Word for word, restate the lines of the data below between those holding "Neue Justiz (NJ), Zeitschrift" and "Eskişehir Kişisel Gelişim", inclusive; pictures do not belong in the copy.
Data for processing Start Marker
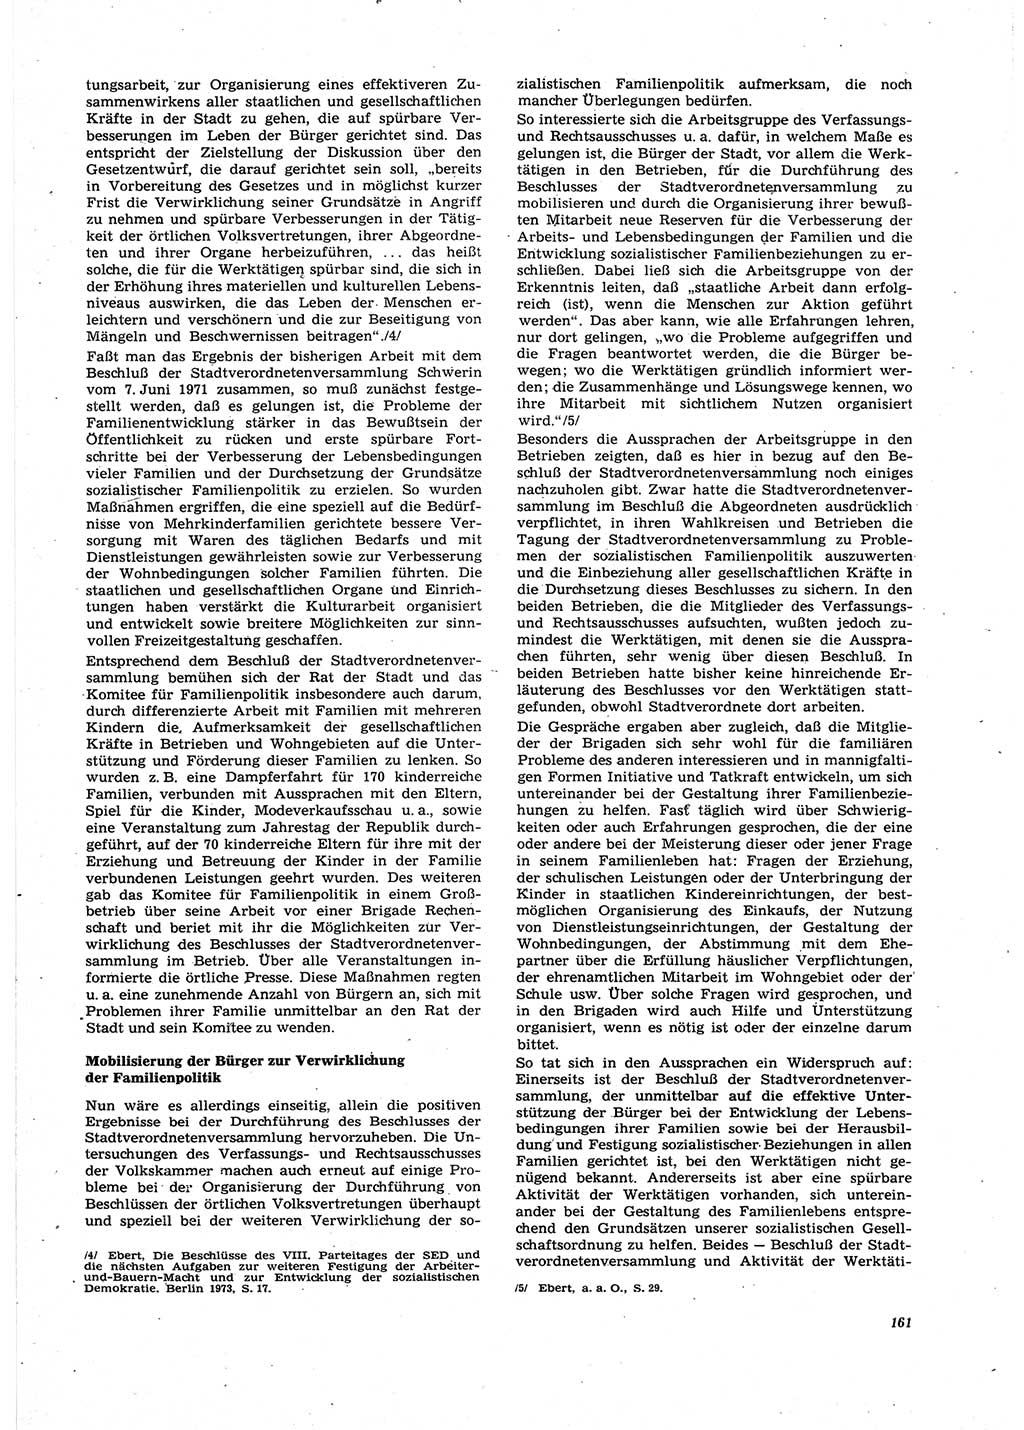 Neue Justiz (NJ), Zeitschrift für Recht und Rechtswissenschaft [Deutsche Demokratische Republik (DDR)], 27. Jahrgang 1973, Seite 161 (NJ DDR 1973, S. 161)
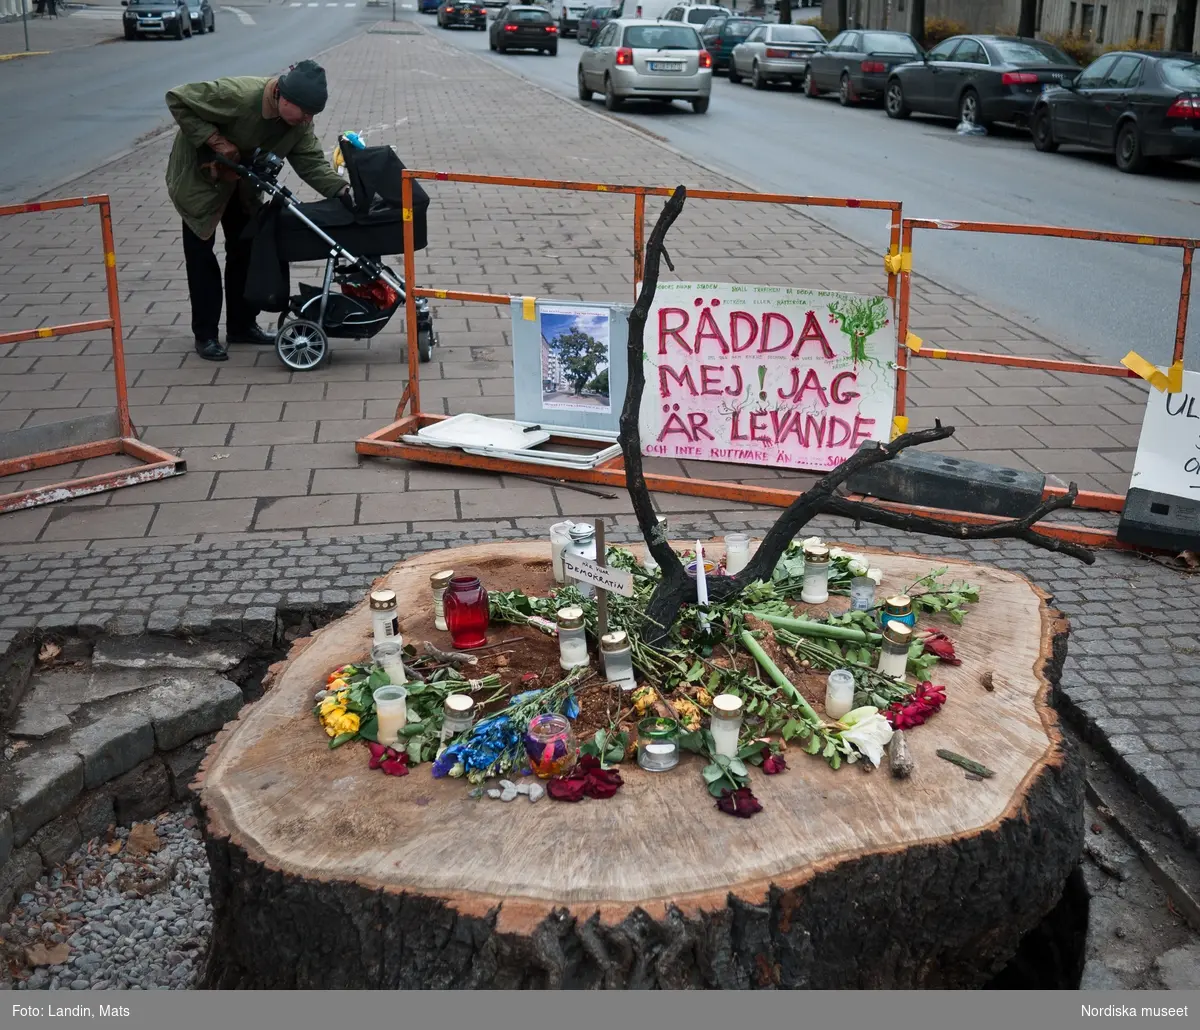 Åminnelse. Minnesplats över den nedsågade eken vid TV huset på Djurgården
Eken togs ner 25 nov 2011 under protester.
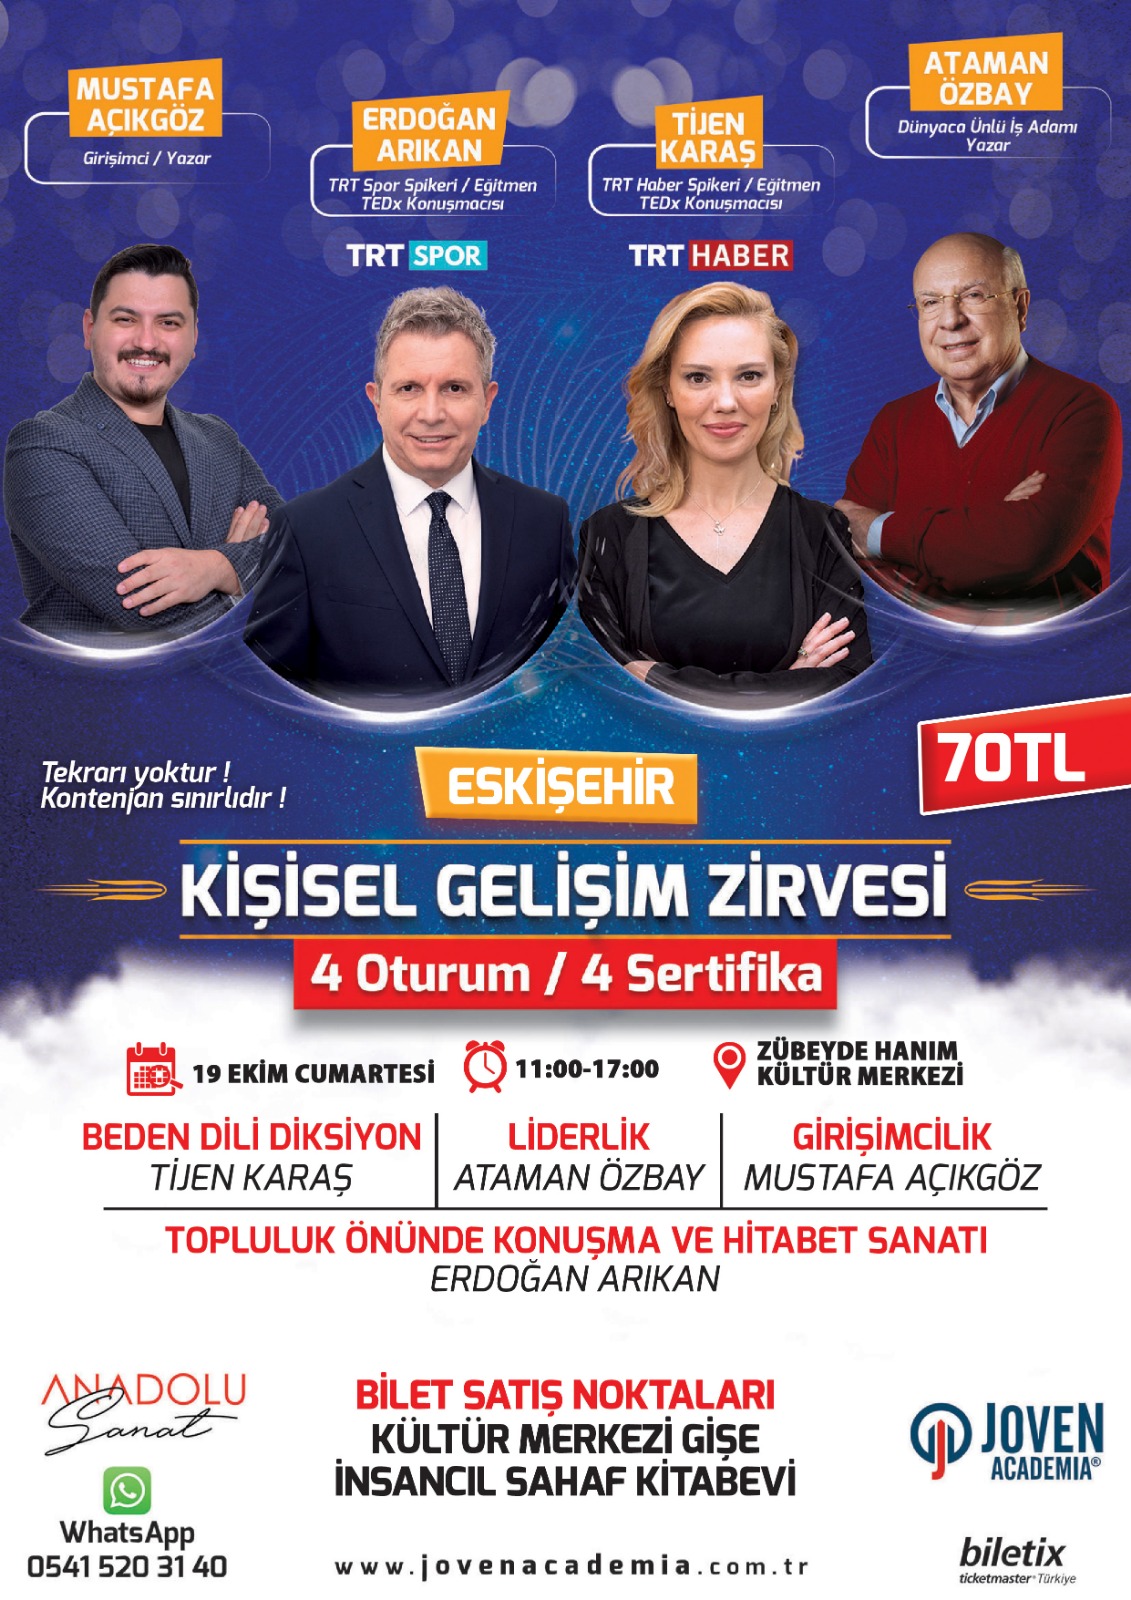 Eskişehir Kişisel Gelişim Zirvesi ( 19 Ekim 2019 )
Data for processing End Marker
Data for processing Start Marker
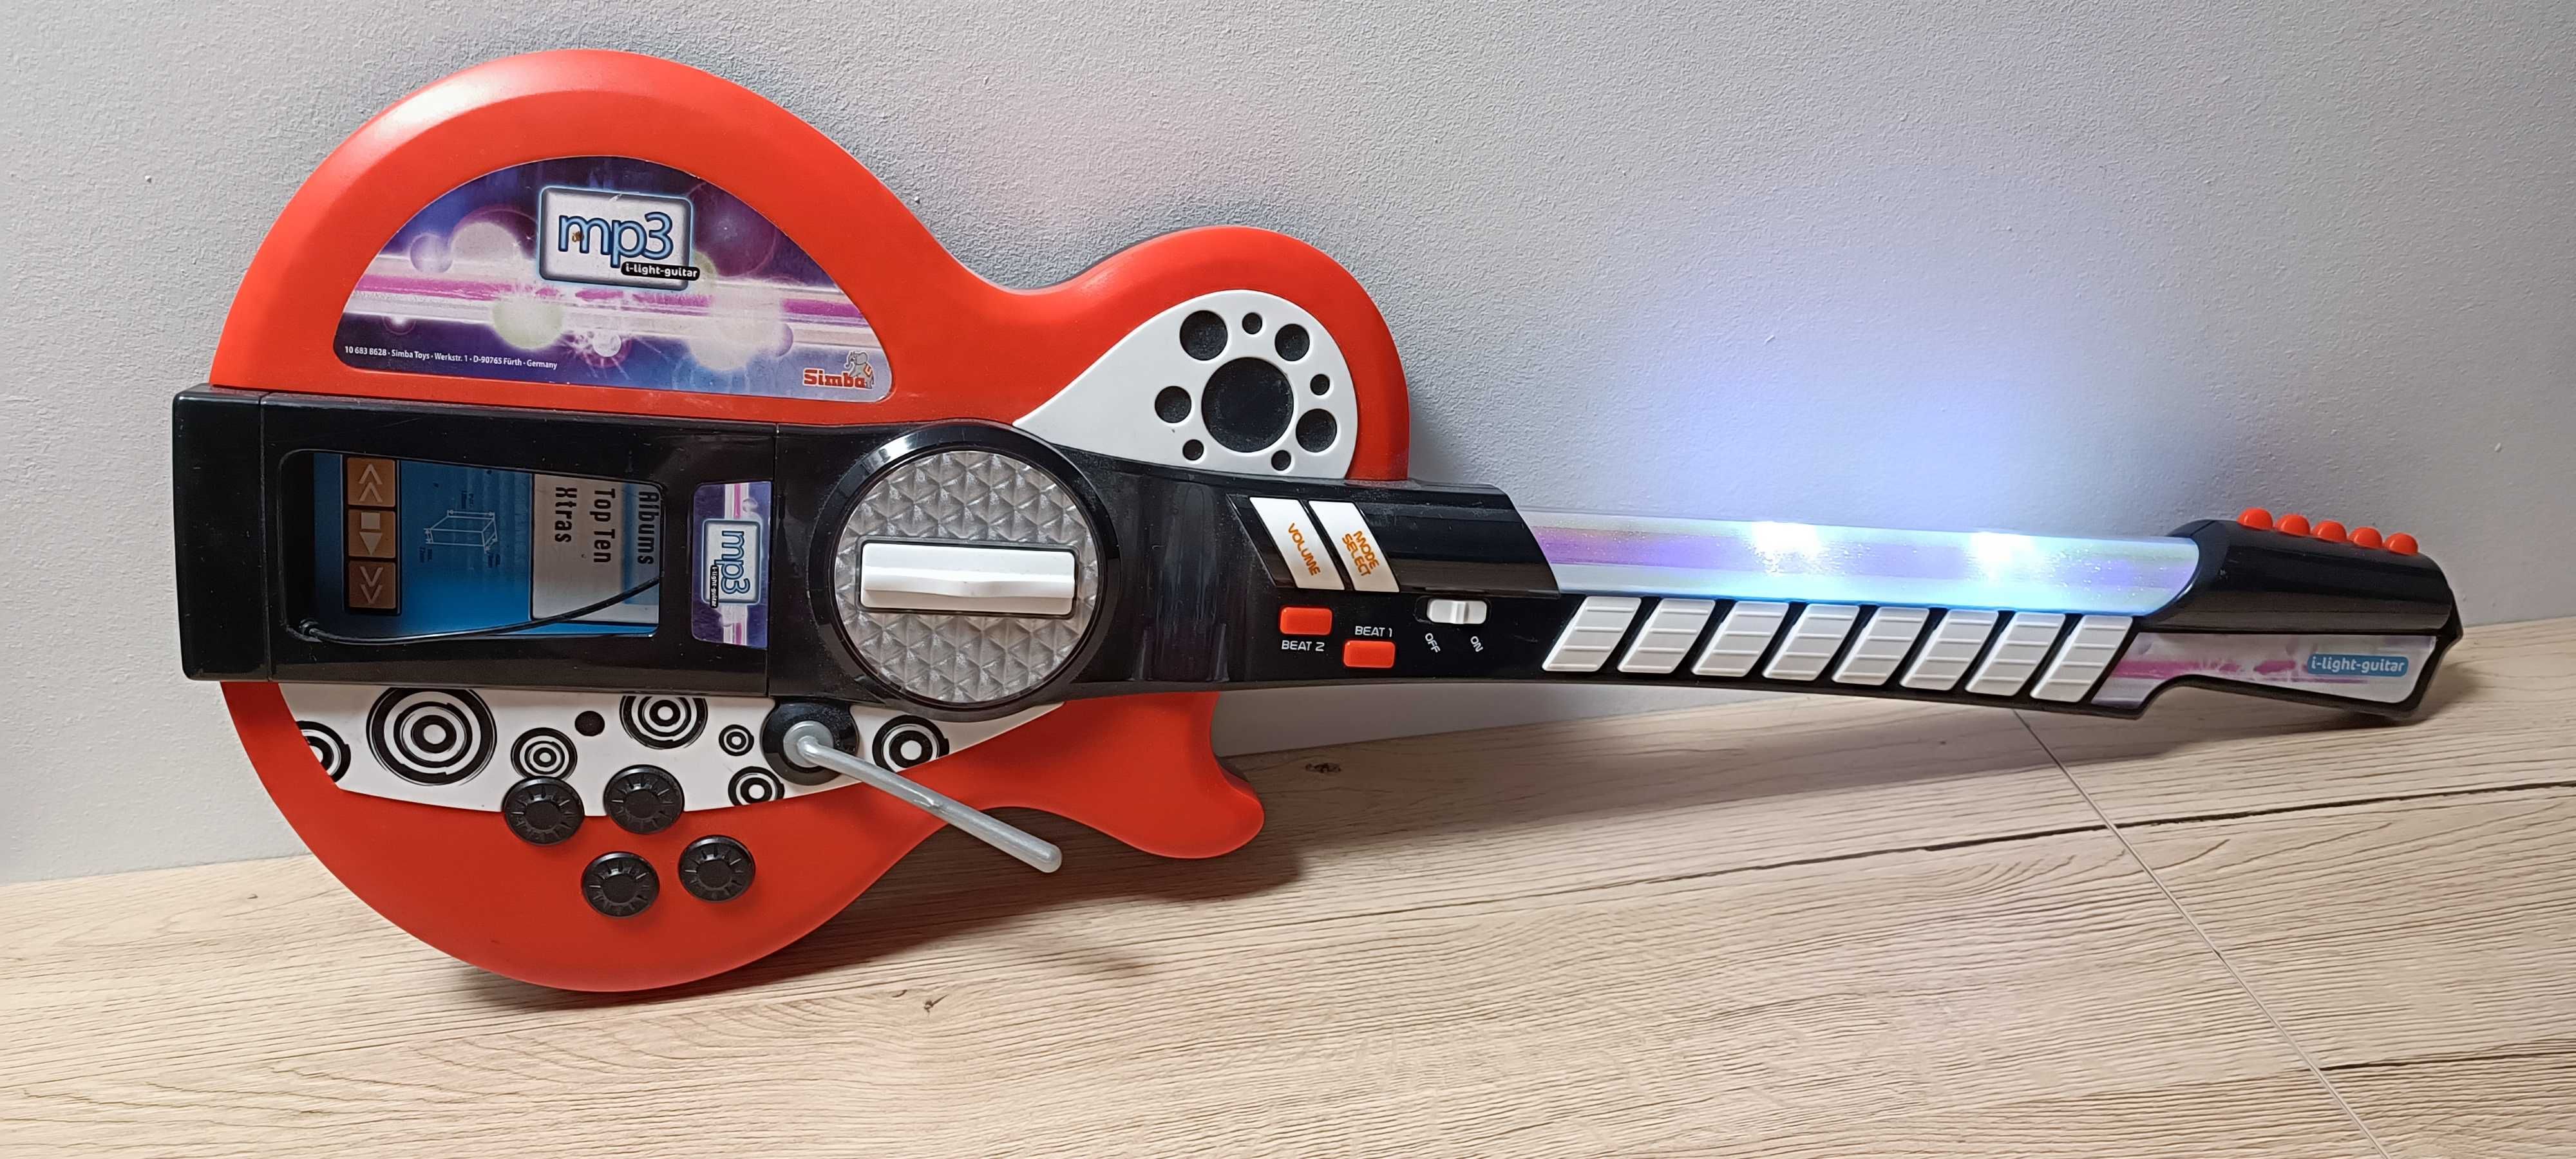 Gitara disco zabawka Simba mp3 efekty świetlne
Data for processing End Marker
Data for processing Start Marker
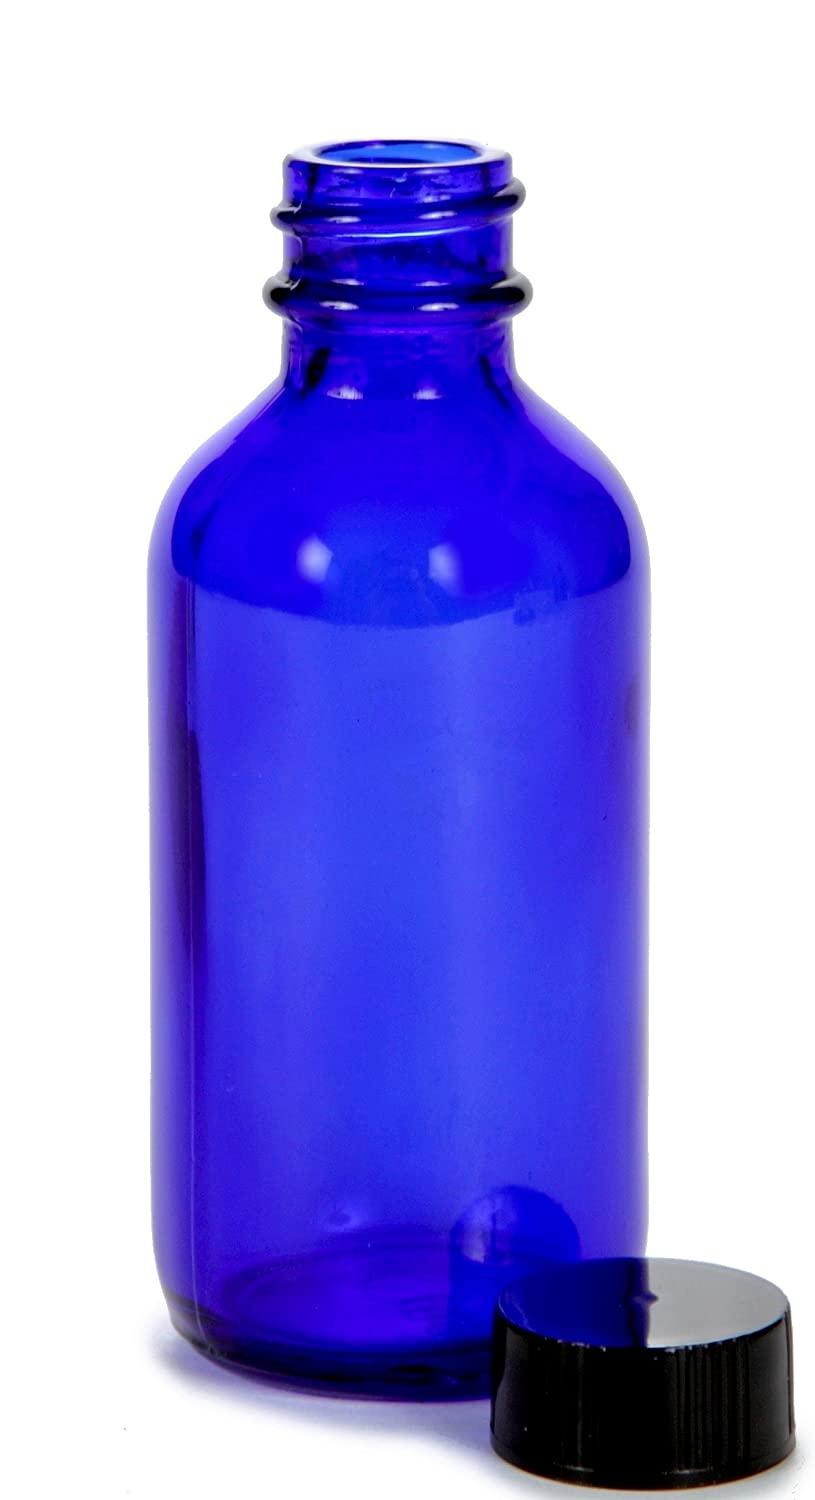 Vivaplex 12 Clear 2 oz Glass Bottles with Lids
Data for processing End Marker
● Solved problem
 Neue Justiz (NJ), Zeitschrift für Recht und Rechtswissenschaft [Deutsche Demokratische Republik (DDR)], 27. Jahrgang 1973, Seite 161 (NJ DDR 1973, S. 161)
 Åminnelse. Minnesplats över den nedsågade eken vid TV huset på Djurgården
Eken togs ner 25 nov 2011 under protester.
 Eskişehir Kişisel Gelişim Zirvesi ( 19 Ekim 2019 )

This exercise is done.